После его ухода Эштон заставил себя съесть целую тарелку проклятой овсянки. А потом встать и пройтись по коридору. Как мерзко чувствовать себя настолько слабым… Вот любопытно, а сиятельный граф обладает такими же навыками в борьбе, как Герин, или есть шанс его скрутить? Он немного помечтал, как здорово было бы сбить спесь с этого гнусного типа, вспомнил, как прижимал того к полу, Герин пихал ему в рот антидот, и Френц бессильно бился в их руках. Воспоминание было приятным, и Эштон подумал, что это низко: вот так слишком лично ненавидеть человека, который не сделал ему ничего дурного… и не сделает, скорее всего, пока он нужен Герину. Все это лишь его собственная грязь, ее скопилось слишком много, а фон Аушлиц просто подвернулся, чтобы она с готовностью вылилась на него. Только рядом с Герином Эштон чувствовал себя чище, но тот все не приходил, надо было спросить у Френца о нем.

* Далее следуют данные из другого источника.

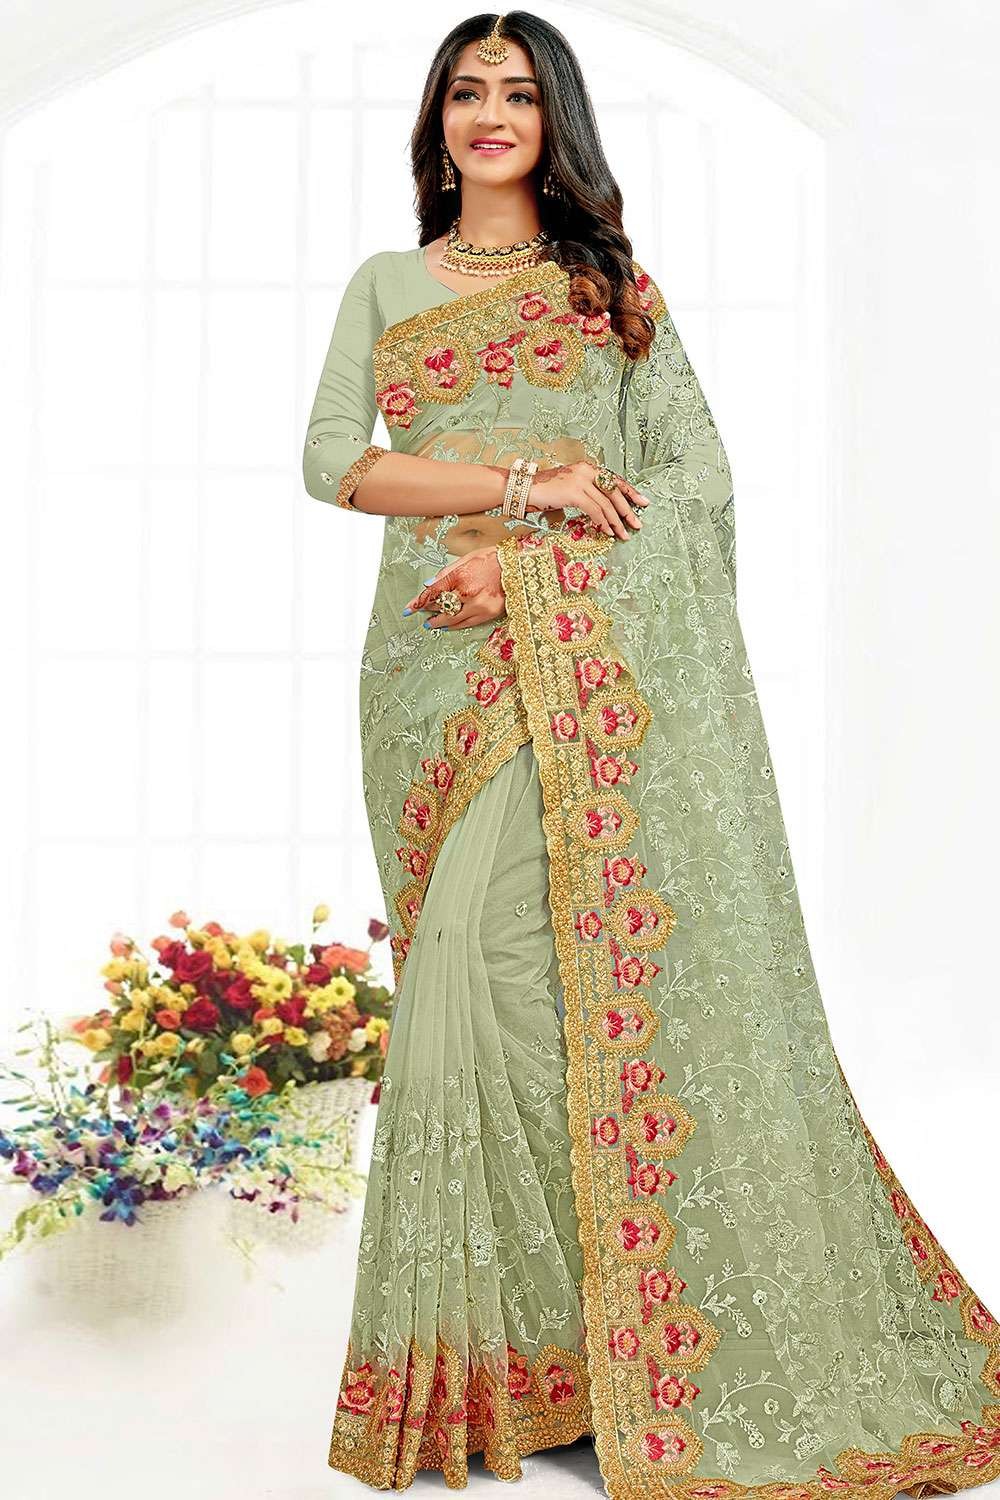 Pista Green Net Embroidery Work Saree Party Wear

Прошло еще четыре дня, и Френц снова навестил его. Эштон забылся тогда нервной дремой после обеда и был разбужен хлопнувшей дверью, он раскрыл глаза и увидел группенфюрера, тот стеком снимал с него одеяло.
— Добрый день, Эрстен, говорят, вы таки взялись за ум и соизволили три раза пожрать.

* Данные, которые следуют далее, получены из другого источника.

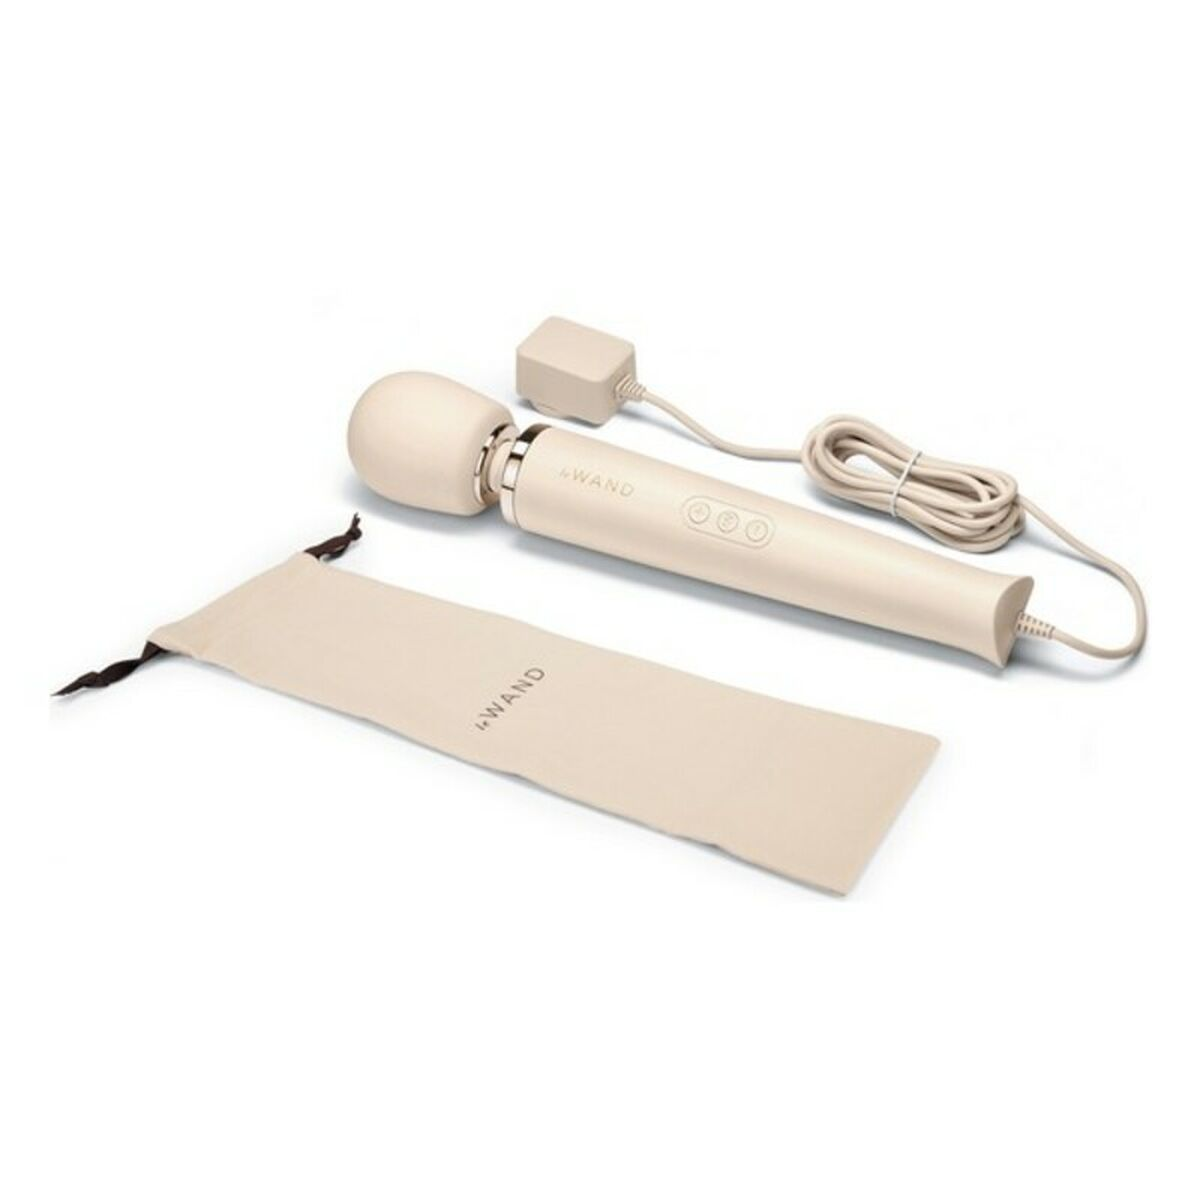 Vibrating Plug-In Vibrator Massager WAND Powerful LE

— И шесть раз погадить, Френц, полагаю вам будут любопытны и эти сведения.
Френц рассмеялся:
— Расцветаете на глазах, — он кончиком стека задрал рубашку Эштона, и тот не сопротивлялся, не желая провоцировать гнусную сцену, как в прошлый раз. Бинты с него уже сняли, и Френц одобрительно поцокал:— Ну, что ж. Вполне, вполне ебабельно.
— Оставьте меня со своими оскорблениями, — бесится Эштон, все же не сдержавшись, он отстраняется и одергивает пижаму. — Убедились? Проваливайте.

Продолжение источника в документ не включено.